Jacky has always loved vintage fashion, but says her only experience in retail before Dubbo was when she briefly ran a vintage clothing store on Sydney’s Oxford Street in Paddington with her sister and a friend in the 1970s. “I’ve done a bit of everything, including lots of travel and working overseas,” she says. “So I brought all those interests and experiences together when we moved to Canowindra. I didn’t really set out to create a destination shop, but that is what has happened. I’ve always had a bit of an eye for quirky decorator items and I just wanted to find interesting things that don’t break the bank for people to put in their homes or give as gifts.”

As the Yeos moved to Canowindra, Gabriella moved to Canberra to study law and she inspired Geoff to follow suit. In between renovating the building and moonlighting as a part-time barista, he studied law externally and now runs a branch of a Dubbo law firm from a section of the Finn’s Store building. Like the Finns before them, the Yeos live on the premises, in an artful space at the back of the building that combines Jacky’s quirky tastes with an element of mid-century modern.
Jacky’s day is divided between curating Finn’s collection, which combines artworks with clothing, homewares and new and vintage decorator finds and, in her “spare” time, cooking most of the food on the cafe’s menu. She outsources the cakes and pastries to several talented local bakers and has plans to expand the premises to include a basement cellar door for a local winemaker.

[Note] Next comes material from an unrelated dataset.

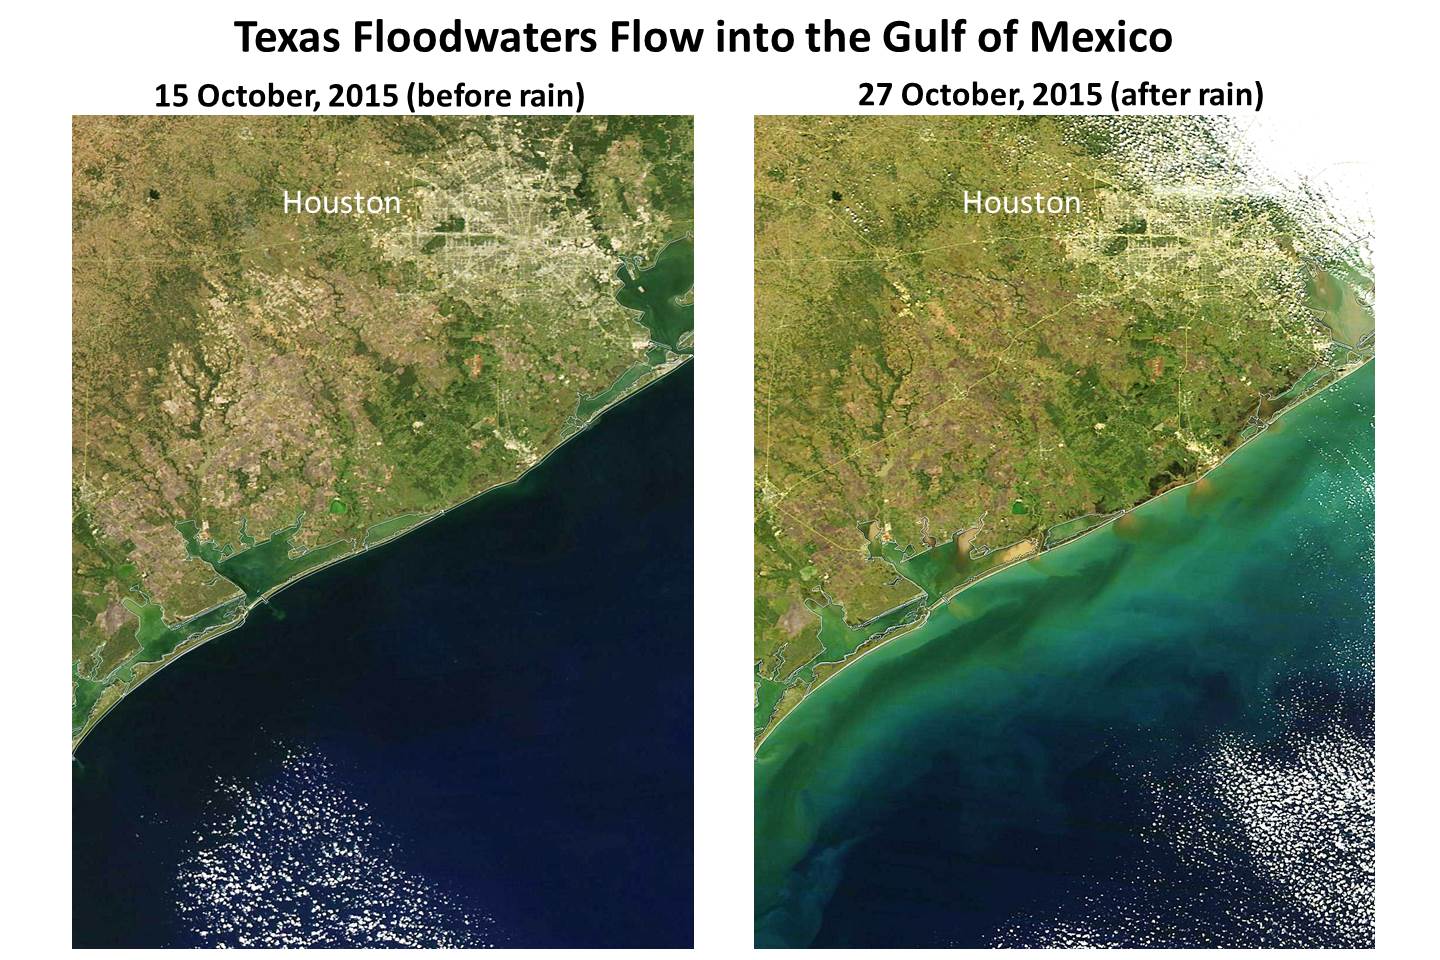 NASA MODIS imagery of Texas floodwaters entering the Gulf of Mexico.

Since COVID-19, Jacky’s scaled back the business to weekends-only, but hastens to add that she hopes this is a temporary move. “I’ve reached a stage in my life where I’d like to stop the perpetual motion,” she says. “In an ideal world, someone young and energetic will come along to help with the business and take some of the load off me. I’d like this to happen organically, so I’m trying to be patient and hope the right person presents her or himself. The time is right for business to boom as the pandemic did country NSW a favour as the border closures meant lots of people from the city and the coast have ‘discovered the bush’. Canowindra is ideally placed for tourism as it’s on the road to everywhere and within easy driving distance of Canberra, Orange, Bathurst, Young, Forbes and Cowra. For a relatively small town, it’s quite prosperous as it’s long been famous for growing crops including lucerne and other farming endeavours. Plus it’s Australia’s hot-air ballooning capital with an annual festival in April. There’s also a Baroque Music Festival in September and year-round interest in the Age of Fishes Museum, which showcases fossils from the Devonian era, long before dinosaurs roamed the country. Plus there are wineries and some great B&Bs and plenty of history including Blind Freddy’s Bushranger Tours to explore locally. I believe the town is about to come into its own as a tourist centre, so I’m not done yet. I see a very bright future for the town and the region. My work at Finn’s is not done yet.”